Control of your codebase is an illusion / 9 Tunnels

Control of your codebase is an illusion: from manual verification overwhelmed by complexity to AI-powered orchestration pipeline delivering confidence at scale

I need to say something that might make a few engineering leaders uncomfortable: you don’t have control of your codebase. You never did.

I’ve been leading engineering organizations for over 25 years. In that time, I’ve managed teams of five and teams of hundreds. I’ve shipped software for telecom, healthcare, and aviation/aerospace. And across all of it, I’ve never once looked at a production codebase and said with full confidence, “We know exactly what’s in here and it all works correctly.”

We have shipping software, and on that basis, yes, you could argue we have control. But then production breaks. A bug surfaces in a code path nobody remembers writing. A security audit reveals a vulnerability that’s been there for three years. A customer hits an edge case that never appeared in any test plan. And every time, the postmortem reveals the same root causes: the code review was rushed, the requirements were ambiguous, the test coverage had gaps, the team was under pressure.

Sound familiar? Hold that thought.

The promise and the misunderstanding

Now AI enters the picture. And the reaction from engineering leaders and engineers alike tends to fall into one of two camps.

Camp one: AI generates perfect code most of the time. Just let it build things and review the output quickly. We’ll move faster and we can ship with a leaner team.

Camp two: AI-generated code can’t be trusted. We don’t know what’s in there. The code could have subtle bugs, security holes, or logic that doesn’t match our requirements. We need to keep writing everything by hand.

Both camps are wrong, and they’re wrong for the same reason. They both assume that human-written code was under control in the first place.

Here’s what several recent industry reports suggest. Stack Overflow’s 2025 developer survey found that 84% of developers are using or planning to use AI tools, but only a small minority highly trust the accuracy of the output. That gap matters. Developers are using the tools because they increase output, but they still do not feel safe treating the output as inherently reliable.

Other recent vendor research points in the same direction. CodeRabbit reported that AI-generated pull requests in its analysis contained more issues overall than human-generated pull requests. Meanwhile, Qodo’s 2025 State of AI Code Quality report points to a more nuanced reality: teams are seeing meaningful productivity gains from AI, but trust, review quality, and context handling remain unresolved.
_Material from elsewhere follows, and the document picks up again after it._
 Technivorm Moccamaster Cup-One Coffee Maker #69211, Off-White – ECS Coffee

That should not surprise us. We were already shipping bugs constantly with human-written code. We were just shipping them slower.

The fix you’ve always needed

Here’s where it gets interesting. When I ask engineering teams what would fix their production quality issues, the answer is always the same. More thorough code reviews. Better defined requirements and acceptance criteria. Higher test coverage. More static analysis. More security scanning. Better traceability from requirements to deployment.
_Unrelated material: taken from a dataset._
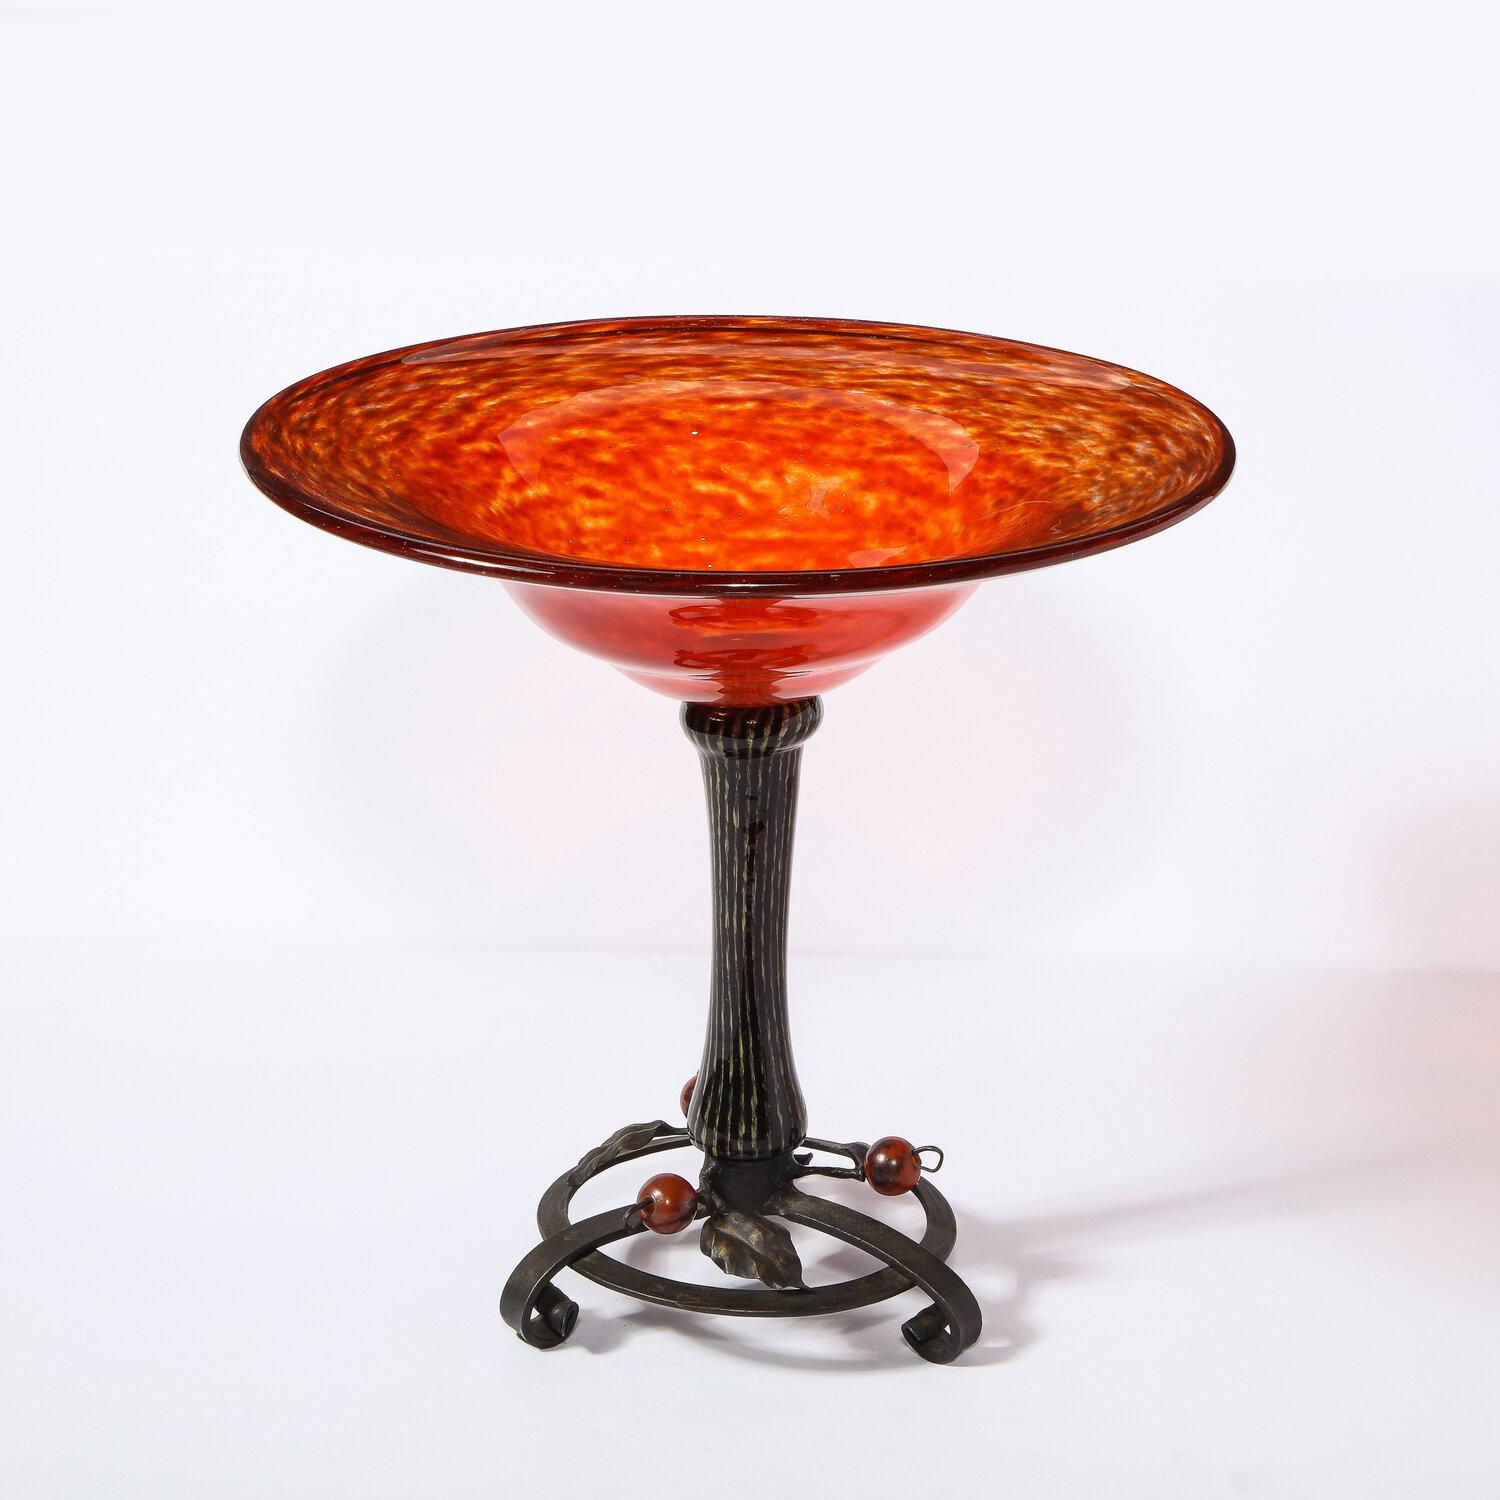 French Art Deco Mottled Carnelian Glass Bowl w/ Wrought Iron Base Signed by Schneider For Sale

That list is not new. Teams have been asking for those things for decades. The reason they don’t get them is simple: they take time, and time is the one thing engineering teams never have enough of.

Now consider this: what if AI didn’t just write the code, but also performed every one of those verification steps? Not one AI reviewing everything in a single pass, which is just as limited as one human reviewing everything in a single pass, but multiple specialized AI agents, each focused on a single dimension of quality, running in parallel.
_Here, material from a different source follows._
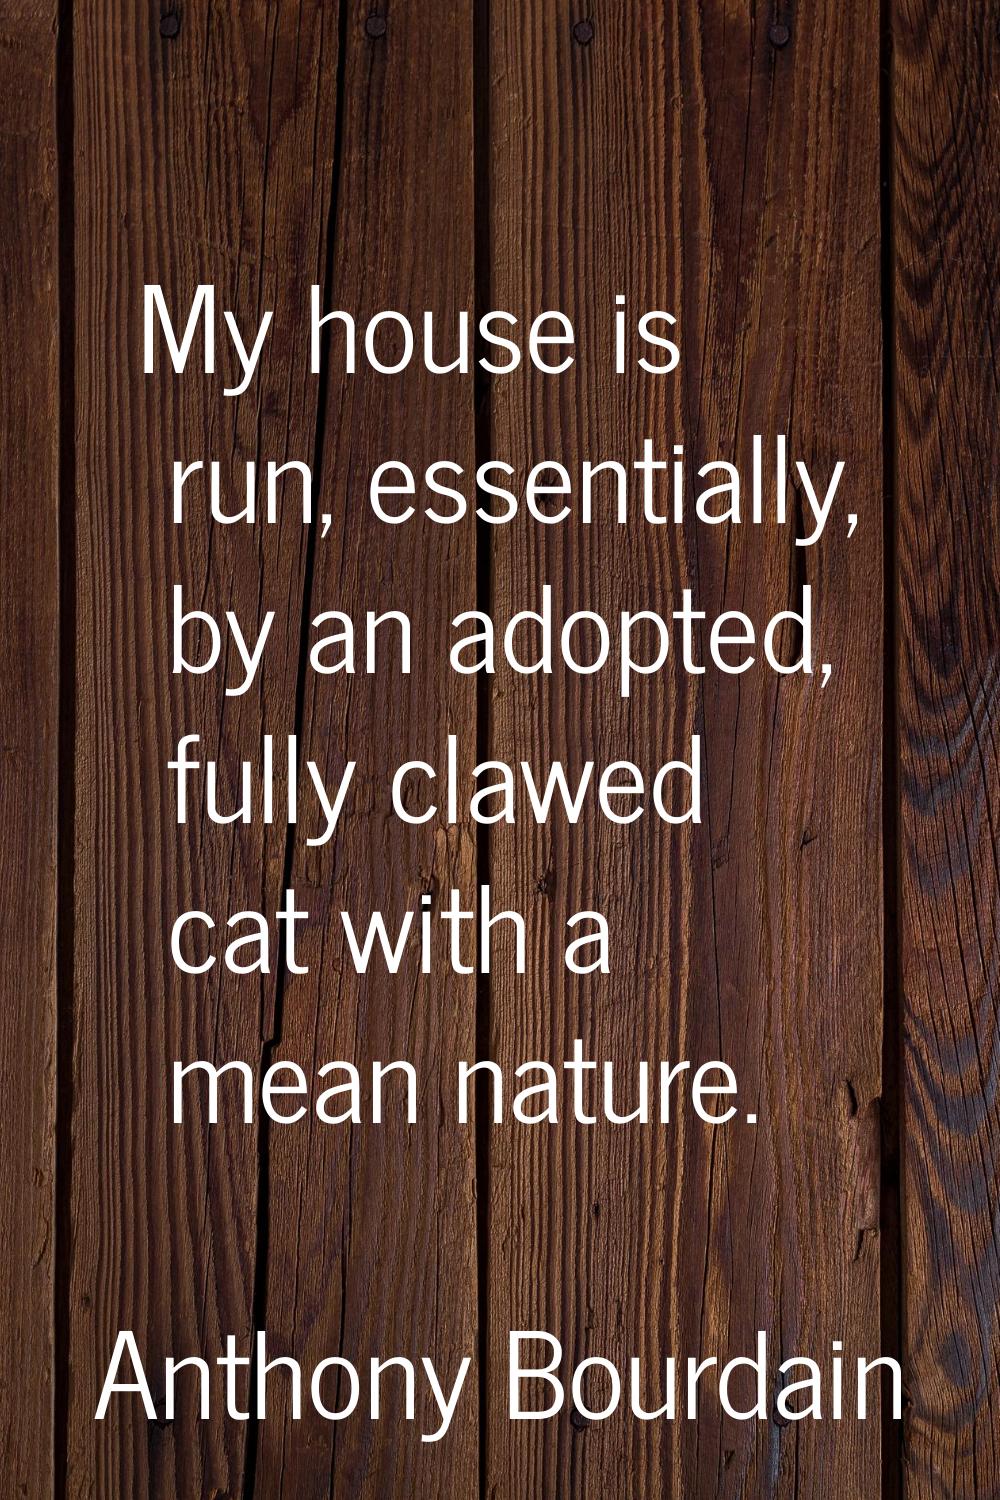 My house is run, essentially, by an adopted, fully clawed cat with a mean nature.

The AI Agent Squad: specialized agents focusing on single dimensions of quality, covering security, standards, requirements, and architecture

One agent reviews authentication flows, secret handling, and dependency risks. Another checks language-specific best practices and your company’s coding standards. Another validates test coverage against acceptance criteria. Another compares the implementation against the ticket or user story to confirm the code actually does what the team intended. Another reviews architectural boundaries, coupling, and patterns that tend to decay over time.

Each agent has its own context window loaded with only the reference material it needs. No context dilution. No attention fatigue. No “I looked at it for 15 minutes between meetings.”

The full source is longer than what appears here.